- Theatrical release poster
- Directed by: Manivannan
- Written by: Manivannan
- Produced by: S. Ravichandran; K. Suresh;
- Starring: Sathyaraj; Manivannan; Seeman;
- Cinematography: D. Sankar
- Edited by: R. Sudharsan
- Music by: James Vasanthan
- Production company: V House Production
- Release date: 10 May 2013;
- Running time: 136 minutes
- Country: India
- Language: Tamil

= Nagaraja Cholan MA, MLA =

2013 Indian film by Manivannan

Nagaraja Cholan MA, MLA (credited as Nagaraja Cholan MA, MLA: Amaidhipadai – 2) is a 2013 Indian Tamil-language political satire film written and directed by Manivannan.
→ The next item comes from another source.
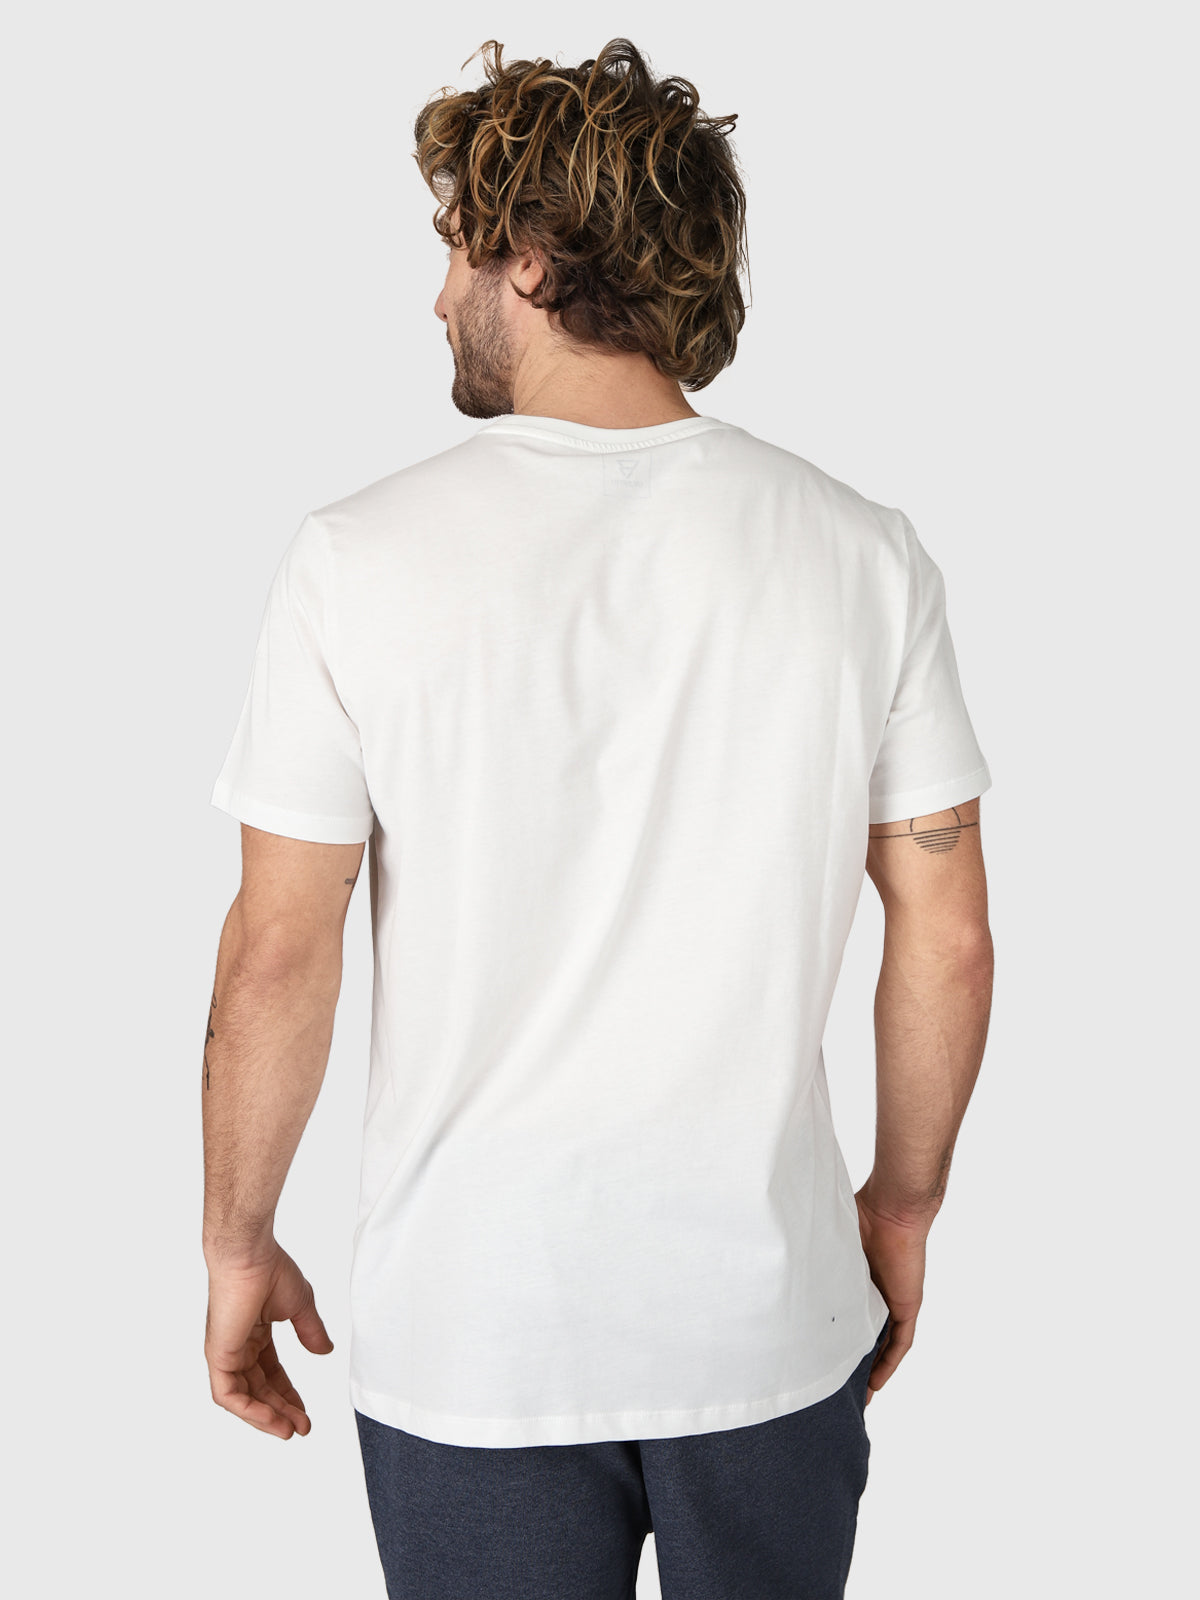 Funblock Herren T-Shirt | Weiß

A sequel to Amaidhipadai (1994), it stars Sathyaraj in his 200th film, reprising his role as Nagaraja Cholan from the original, alongside an ensemble cast including Seeman, Manivannan, his son Raghuvannan, Mrudula Murali, Komal Sharma and Varsha Ashwathi. The film, featuring music composed by James Vasanthan, was produced by Ravichandran and K. Suresh under the banner of V House Production.

Unlike the original, Nagaraja Cholan MA, MLA was unsuccessful. It was Manivannan's 50th and last film as a director and actor, as he died a month after the film's release.

==Soundtrack==
The soundtrack was composed by James Vasanthan.
- "Kannadi Papa" — Pooja
- "Malamele" — Palaniammal, Mahalingam
- "Mamanukku Ennadi" — Nancy, Vasudha, Sarayu
- "Suda Sudathan" — MK Balaji
- "Viraivil Vidiyum" — James Vasanthan

==Critical reception==
Sidharth Varma of The Times of India gave the film 2 1/2 out of 5 stars and wrote, "If you are familiar with Nagaraja Cholan as a ruthless politician, who rose from being Ammavasai in Amaidhipadai, this movie will definitely disappoint you...his resurrection after almost 20 years ends up a failed attempt to build on the character...The movie is a pale shadow of the original, except for the few scenes involving Cholan and his trusted aide Manimaran". Baradwaj Rangan wrote for The Hindu, "If Manivannan wants to take a hit character from a hit film and spin a new story around him, that's his prerogative — except that the story, this time, doesn't stick". Vivek Ramz of In.com said the film "is no patch on its original. Give it a miss!".